# Need to buy GAMEPAD with Steam/Windows 8.1 Support + CHEAP



## ACidBaseD (Oct 29, 2013)

How is this gamepad: Enter E-GPV Gamepad - Enter: Flipkart.com

It has a 1000 rating with an avg of 4.1 and is only 230Rs [Snapdeal gives for 165rs but i'll pay the premium for flipkart service ]


----------



## digit1191 (Oct 29, 2013)

I have used this. And it is pretty decent. If you are used to a PS3 or Xbox controller, you will find the keys a bit hard to press. But the analogs are good. To get 100% support in games, you need to use some third party patch / driver to make this recognized as an xbox controller by your PC, because some games like FIFA support trick stick only on xbox and logitech controllers.

cons: I had a hard time playing AC3, because the analog sticks allowed me to move my character in only 8 directions and not 360 degress. I had that wierd issue with AC3, but I was regularly playing FIFA and NBA with that controller.

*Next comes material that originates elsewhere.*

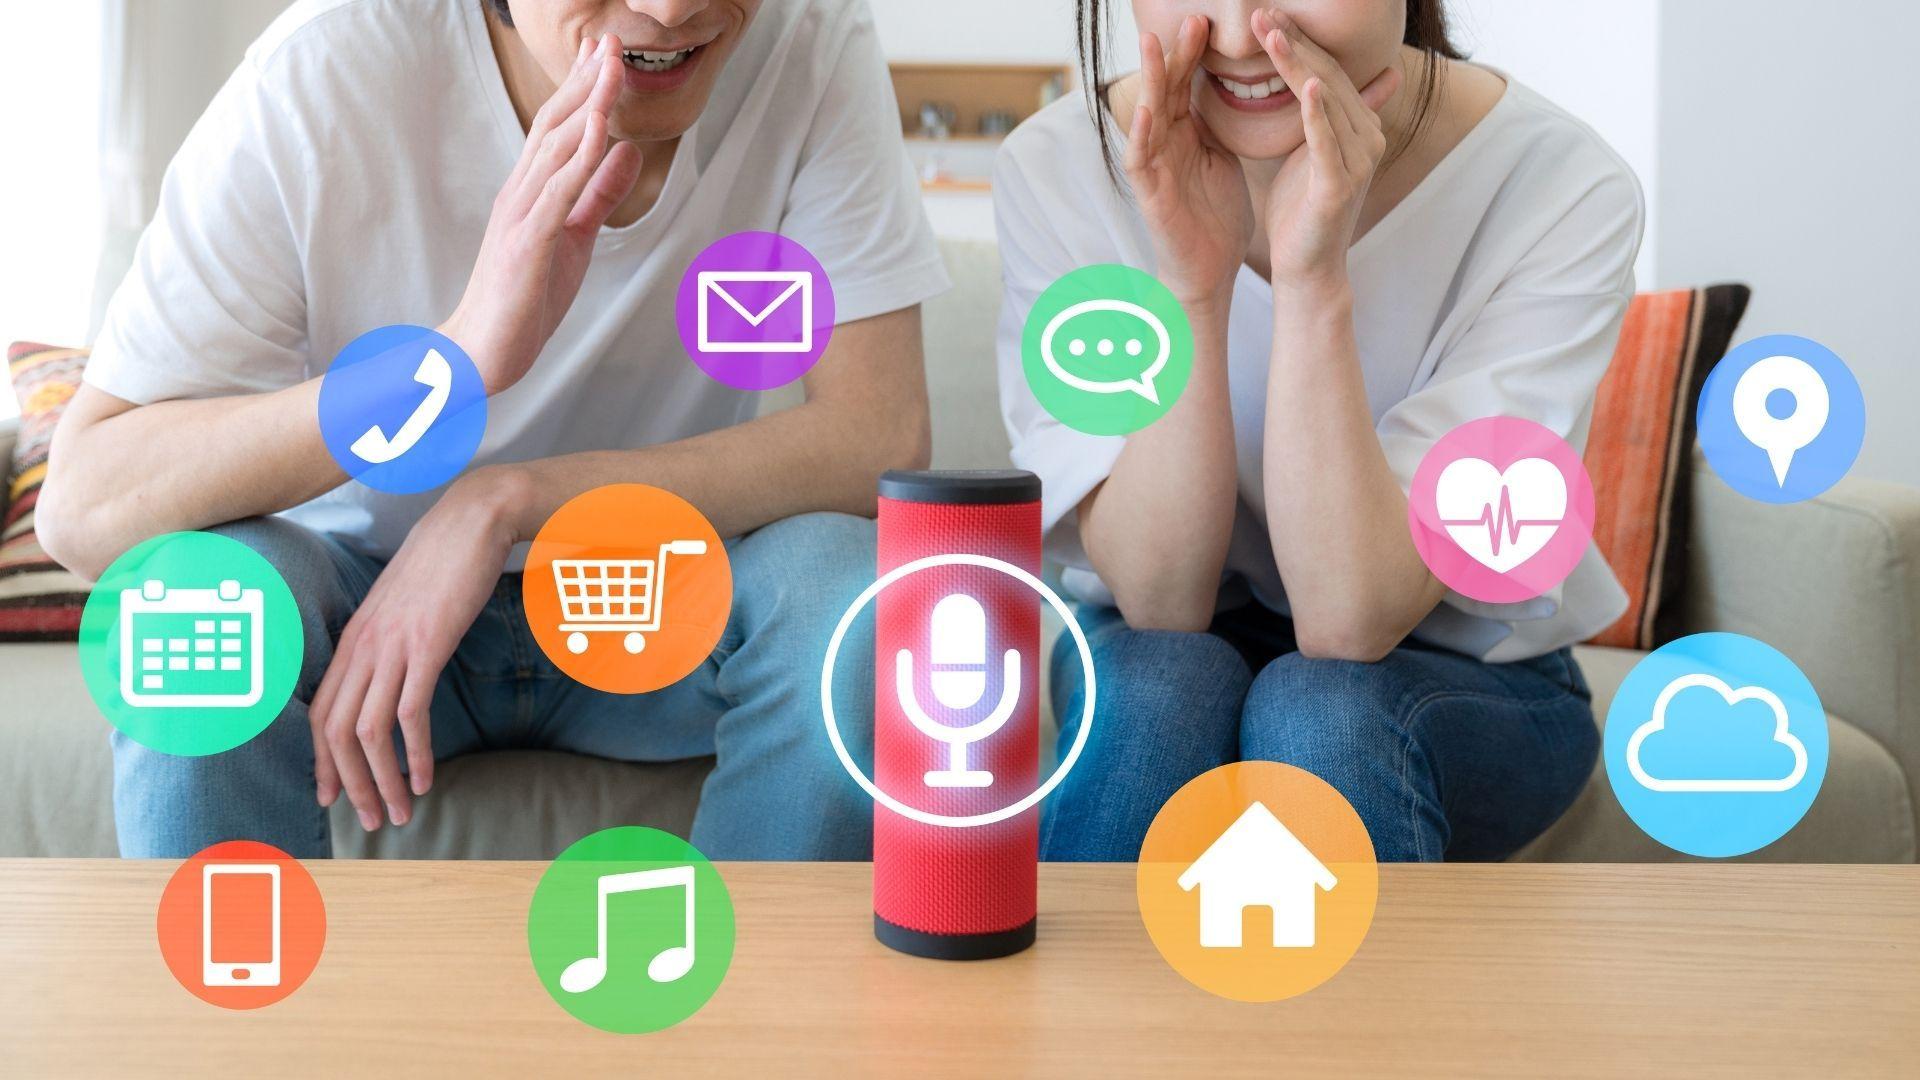 Smart speakers conseguem conectar comandar diversos aplicativos, como lâmpadas inteligentes, TVs e pipoqueiras elétricas. (Imagem: Reprodução/Shutterstock)

It is worth Rs 230. Get it if u are on an extreme budget and want a controller asap.

Bottom line : A good one for playing sports / fighting / racing games. But not good enough for playing 3rd Person Action/Adventure games.


----------



## ACidBaseD (Oct 29, 2013)

digit1191 said:


> I have used this. And it is pretty decent. If you are used to a PS3 or Xbox controller, you will find the keys a bit hard to press. But the analogs are good. To get 100% support in games, you need to use some third party patch / driver to make this recognized as an xbox controller by your PC, because some games like FIFA support trick stick only on xbox and logitech controllers.
> 
> cons: I had a hard time playing AC3, because the analog sticks allowed me to move my character in only 8 directions and not 360 degress. I had that wierd issue with AC3, but I was regularly playing FIFA and NBA with that controller.
> 
> ...



I am not used to any type of controler 
I don't play sports/figthing/racing games lol. I wanted the controller especially for Batman Series and AC series and Skyrim 

Any other controller suggestion under 500RS max? [for 3rd person/action/adventure]


----------



## digit1191 (Oct 29, 2013)

Damn flipkart is blocked at work. I ll search for some good one after I go home


----------



## Hrishi (Oct 29, 2013)

These cheap gamepads will serve the purpose but requires you to install patches and additional 3rd party drivers from the internet in order to use it in a full fledged manner.
As far as the quality and control is concerned , it's what you will get for the price.
The controls can sometimes go haywire , and is not so smooth. You can play simulators but not the games that require accuracy.


----------



## gameranand (Oct 30, 2013)

Use can use Xbox 360 controller emulator for these controllers.


----------



## Hrishi (Oct 30, 2013)

gameranand said:


> Use can use Xbox 360 controller emulator for these controllers.



X360e to be precise.


----------



## ratul (Oct 31, 2013)

Rishi. said:


> X360e to be precise.



****x360ce*


----------



## Hrishi (Oct 31, 2013)

ratul said:


> ****x360ce*


 
Woops


----------



## Harsh Pranami (Nov 4, 2013)

digit1191 said:


> I have used this. And it is pretty decent. If you are used to a PS3 or Xbox controller, you will find the keys a bit hard to press. But the analogs are good. To get 100% support in games, you need to use some third party patch / driver to make this recognized as an xbox controller by your PC, because some games like FIFA support trick stick only on xbox and logitech controllers.
> 
> cons: I had a hard time playing AC3, because the analog sticks allowed me to move my character in only 8 directions and *not 360 degress*. I had that wierd issue with AC3, but I was regularly playing FIFA and NBA with that controller.
> 
> ...



Does xbox 360 controller support 360 degrees rotation?


----------



## digit1191 (Nov 4, 2013)

I dont know if it is actually 360 degrees, but with that cheapo joystick i wasnt able to move my character with so much fluidity


----------